A simple definition of semi-structured data is data that can’t be organized in relational databases or doesn’t have a strict structural framework, yet does have some structural properties or loose organizational framework. Semi-structured data includes text that is organized by subject or topic or fit into a hierarchical programming language, yet the text within is open-ended, having no structure itself.

Emails, for example, are semi-structured by Sender, Recipient, Subject, Date, etc., or with the help of machine learning, are automatically categorized into folders, like Inbox, Spam, Promotions, etc.

Structured data differs from semi-structured data in that it’s information designed with the explicit function of being easily searchable – it’s quantitative and highly organized. It usually resides in relational databases (RDBMS) and is often written in structured query language (SQL) – the standard language created by IBM in the 70s to communicate with a database.

Structured data can be entered by humans or machines but must fit into a strict framework, with organizational properties that are predetermined.

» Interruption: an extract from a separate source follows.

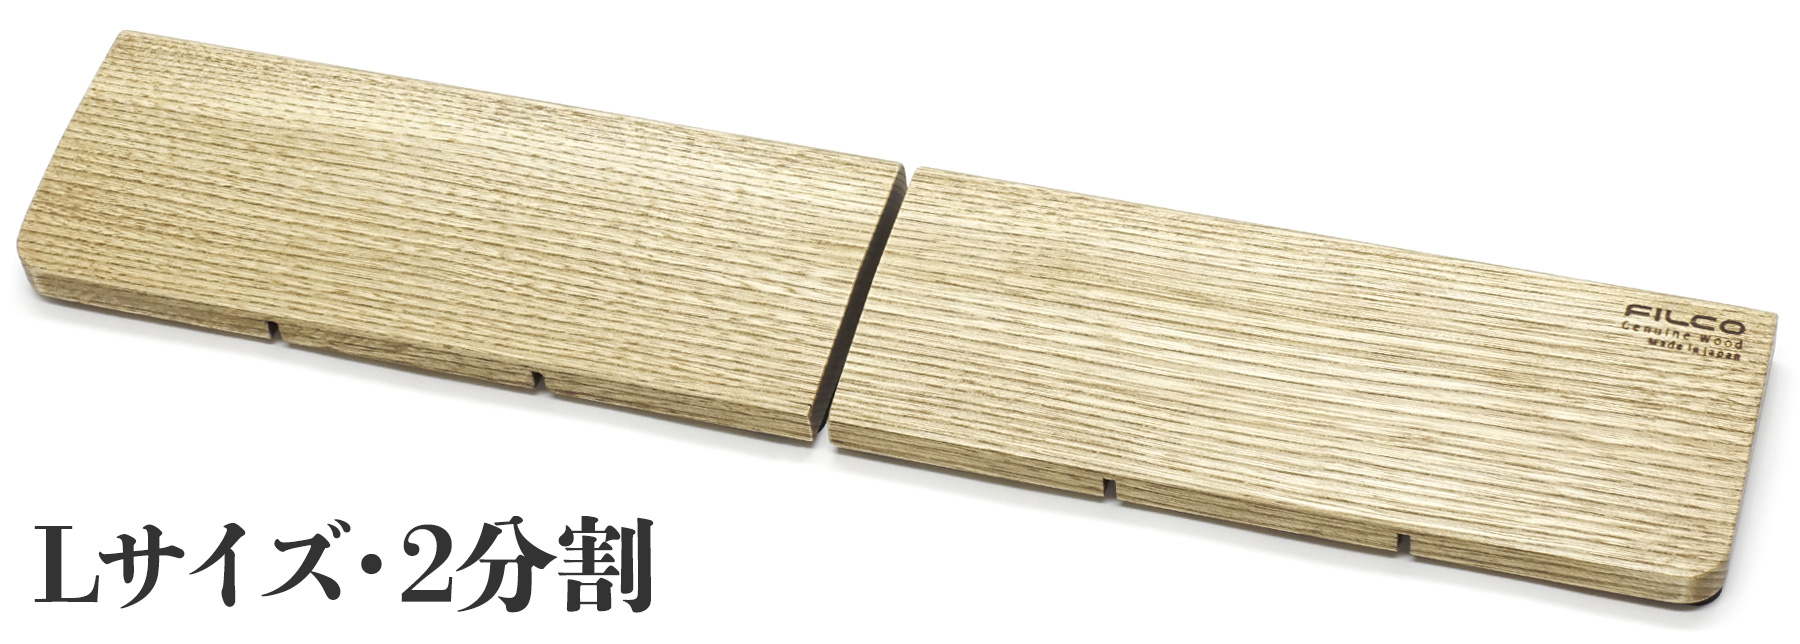 【北海道産天然木】FILCO Genuine Wood Wrist Rest L size 分離型(2分割)

Think of a hotel database that can be searched by guest name, phone number, room number, etc. Or Excel files with data fitting neatly into rows and columns.

There’s also unstructured data, usually open text, images, videos, etc., that have no predetermined organization or design. Think of online reviews, documents, etc. that contain the qualitative data of opinions and feelings. This data is more difficult to analyze but can be structured with machine learning techniques to extract insights, though it must first be structured so that machines can analyze it.

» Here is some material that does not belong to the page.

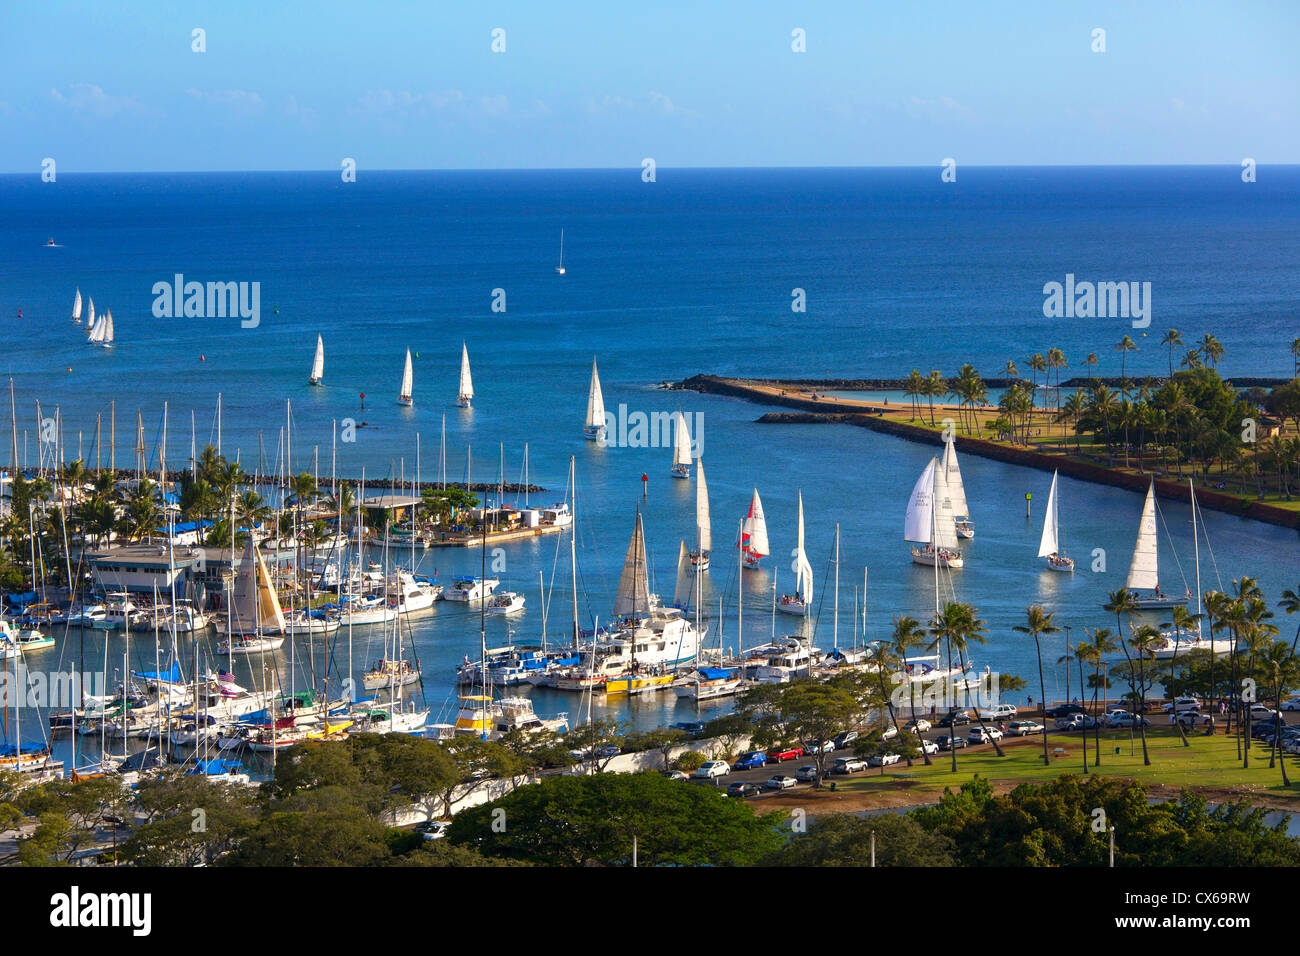 Ala Wai Yacht Harbour, Waikiki, Oahu, Hawaii Banque D'Images

A chart comparing Structured, Semi-Structured, and Unstructured data.

Semi-structured data is, essentially, a combination of the two. Photos and videos, for example, may contain meta tags that relate to the location, date, or by whom they were taken, but the information within has no structure. Or think of social media platforms, like Facebook that organizes information by User, Friends, Groups, Marketplace, etc., but the comments and text contained in these categories is unstructured.

As it contains a slightly higher level of organization than structured data, semi-structured data is easier to analyze, though it also needs to be broken down with machine learning tools before it can be analyzed without human input. And, just like completely unstructured data, it contains quantitative data that can provide much more valuable insights.

Examples of Semi-Structured Data

Semi-structured data comes in a variety of formats with individual uses. Some are barely structured at all, while some have a fairly advanced hierarchical construction.

Email

Email is probably the type of semi-structured data we’re all most familiar with because we use it on a daily basis. Email messages contain structured data like name, email address, recipient, date, time, etc., and they are also organized into folders, like Inbox, Sent, Trash, etc.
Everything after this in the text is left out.